Whose fault was the war? There is enough blame for all to share: When leaders confidently ordered their armies to mobilize, neither side foresaw just how catastrophic the carnage would be. After it was over, the victorious Allies of course blamed Germany, exacting big reparations in the Versailles peace settlement. Then from the 1930s onward, revulsion at the war’s vast toll led both historians and popular culture to pin responsibility on the Allies as well. Archival finds by the German scholar Fritz Fischer in the 1960s, however, led him to fault German expansionism. In recent years, the pendulum has swung in some new directions. David Fromkin’s “Europe’s Last Summer” focuses on Austria-­Hungary’s role (its artillery and Danube gunboats did, after all, fire the war’s first shots); Christopher Clark’s widely praised “The Sleepwalkers” puts considerable onus on Serbia as a rogue state with irredentist dreams; and Niall Ferguson’s “The Pity of War” provocatively blames Britain for entering the conflict, even though it had not been attacked, and thereby turning a Continental war into a worldwide one. (Audio is not a good way to take in Ferguson’s book, however, because of its many charts and graphs.)
Now Sean McMeekin’s “July 1914” points a finger at Russia and its waffling czar, its ambition to control the Bosporus, and its generals who wanted to avenge their humiliating defeat by Japan in 1905. Concentrating on the period before the actual fighting, McMeekin lacks some of the color — and horror — of Hastings and Tuchman. The audio narration by Steve Coulter is matter-of-fact and bereft of theatrics, but perhaps that is suitable for a book primarily about diplomatic maneuvering.
Armageddon in Full
By now, at the midpoint of your drive — Panama? The Urals? — it’s time to move beyond 1914 and into the nearly four years of fighting that followed. John Keegan’s authoritative “The First World War” is a solid, balanced and reliable account by a man who spent his life writing military history (Keegan died in 2012) and teaching it to officer cadets at Sandhurst, the British equivalent of West Point. The book is enriched by his deep knowledge of wars past. For example, he compares the “novelty” of telephone lines allowing a World War I general to have his headquarters behind the front to Wellington’s having to ride in sight of the enemy at Waterloo in order to know what was going on, as well as to the way technology in the Persian Gulf war of 1991 (which Keegan covered for The Daily Telegraph) allowed commanders to orchestrate land, sea and airstrikes from a great distance.
Simon Prebble gives “The First World War” a brisk, fast-paced reading.

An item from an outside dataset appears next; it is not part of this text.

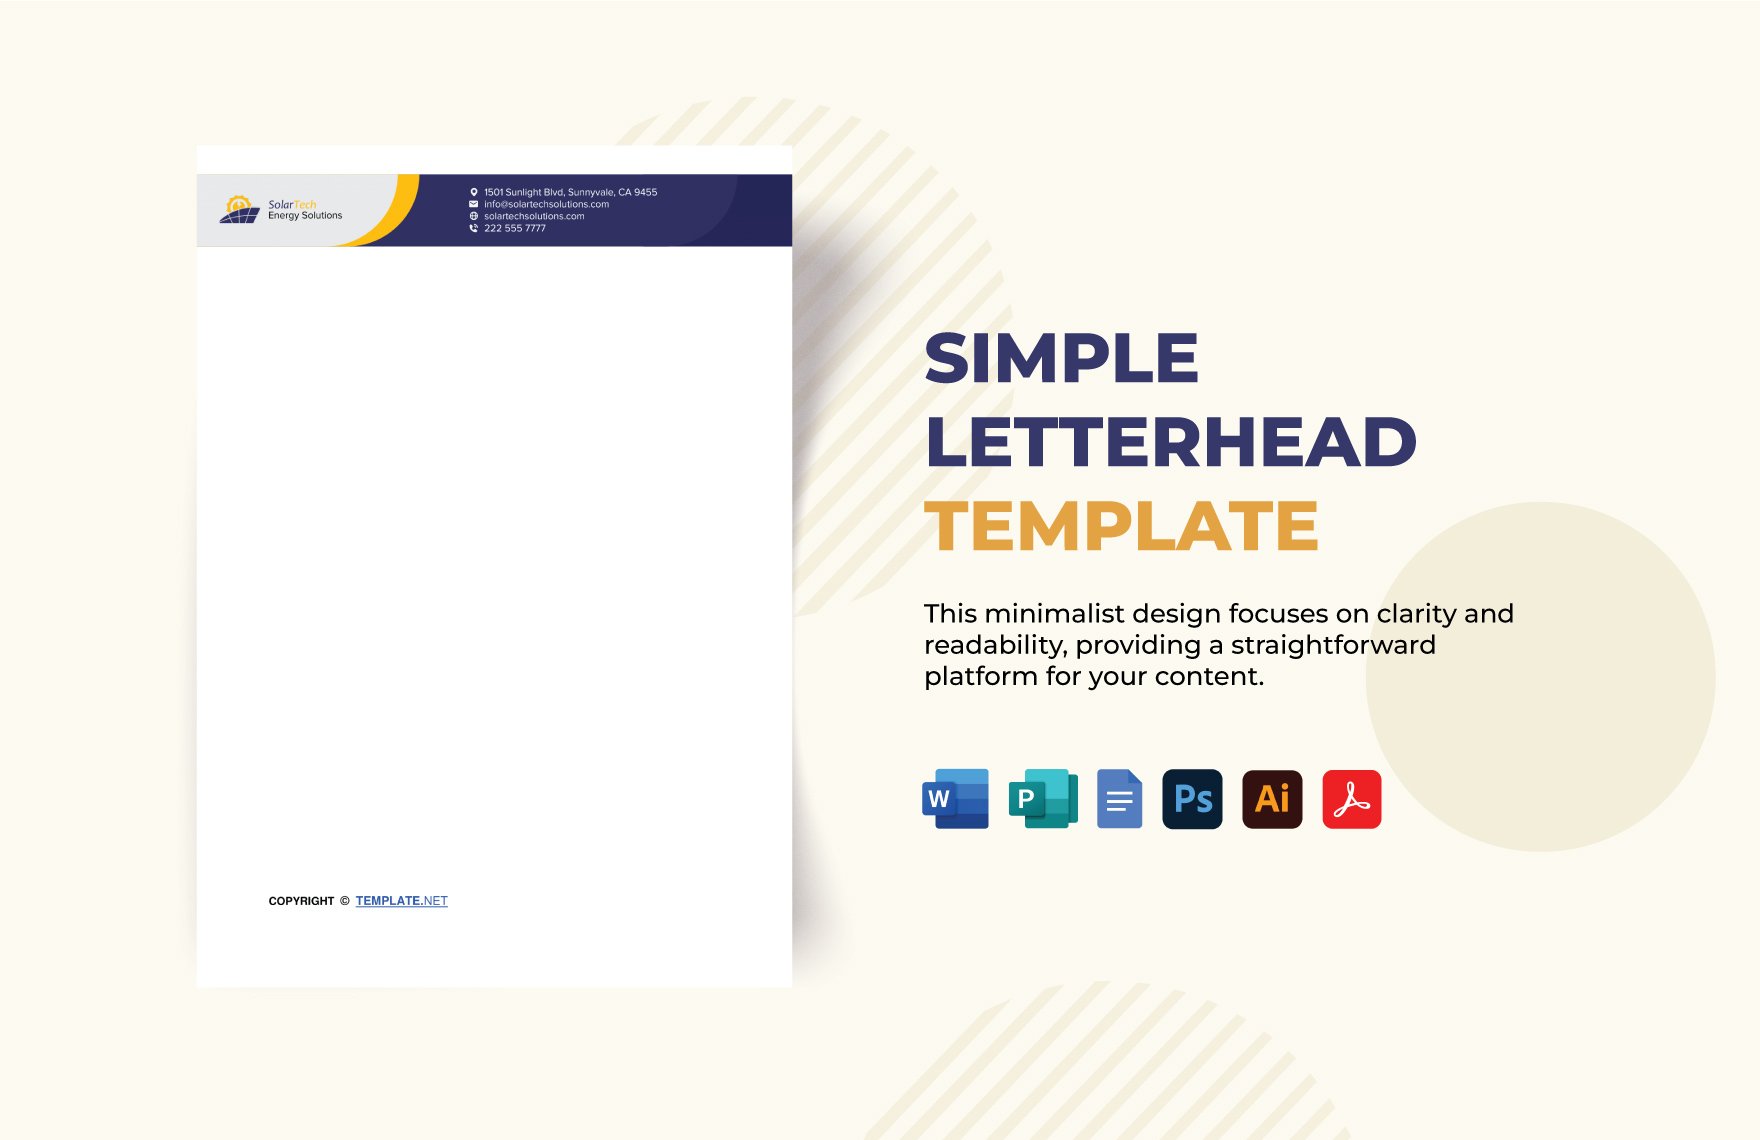 Free Simple Letterhead Template in Word, Google Docs, PDF, Illustrator, PSD, Publisher, InDesign

However, the Keegan book I would recommend you listen to first is “The Face of Battle,” his study of Agincourt, Waterloo and the Somme. These three crucial battles in British history were centuries apart but took place remarkably close to one another, in what today is northern France and Belgium. His evocation of the Somme, in 1916 — a vast bloodletting that was a victory for neither side — is particularly powerful. Surprisingly for someone on the political right who was a hawk about wars in his own time, Keegan is extremely sensitive to class privileges, pointing out that even today we know more about how some British regiments fared at the Somme than others, because those with less wealthy officers could not afford to commission detailed regimental histories.
Compared with some of these behemoths, Norman Stone’s compact, almost aphoristic “World War One: A Short History” is as a skiff to a battleship; you can almost listen to its some 150 pages of text — Prebble reading again — on a drive to pick up the groceries. But do you really want such a short account of such a long war? A more interesting book of Stone’s is “The Eastern Front 1914-1917.” No aspect of the war is more haunting than the meeting on these battlefields between the two regimes with double-headed eagles on their coats of arms, Imperial Russia and Austria-­Hungary. Russian officers were promoted largely by seniority and connections at court; in Austria-­Hungary, three-quarters of the officers were German speakers, but only one in four of the enlisted men, from a bewildering array of ethnic groups, even understood the language. Russia’s illiterate peasant soldiers frequently chopped down roadside telegraph poles for cooking fuel. Exasperated signalers then had to send orders by radio, but had few code books, and so broadcast “in the clear” — to the delight of their enemies. Men died by the millions, and in the Carpathian Mountains, wolves gnawed on the bodies of the wounded.
This clash of rickety empires epitomizes the senselessness of the war that left behind what Winston Churchill called a “crippled, broken world.” That folly should underline a lesson we have painfully learned anew in recent years: Wars are seldom won as quickly as everyone expects, and almost always create far more problems than they solve.

CATASTROPHE 1914

Europe Goes to War
By Max Hastings
Read by Simon Vance
Blackstone Audio

THE GUNS OF AUGUST

By Barbara W. Tuchman
Read by Nadia May
Blackstone Audio

THE WAR THAT ENDED PEACE

The Road to 1914
By Margaret MacMillan
Read by Richard Burnip
Random House Audio

THE PITY OF WAR

Explaining World War I
By Niall Ferguson
Read by Graeme Malcolm
Audible Studios

JULY 1914

Countdown to War
By Sean McMeekin
Read by Steve Coulter
Audible Studios

THE FIRST WORLD WAR

By John Keegan
Read by Simon Prebble
Random House Audio

THE FACE OF BATTLE

By John Keegan
Read by Simon Vance
Blackstone Audio

WORLD WAR ONE

A Short History
By Norman Stone
Read by Simon Prebble
Audible Studios

sábado, 15 de fevereiro de 2014

Quem leva a culpa pela Primeira Guerra Mundial?: ainda o debate entre historiadores (BBC)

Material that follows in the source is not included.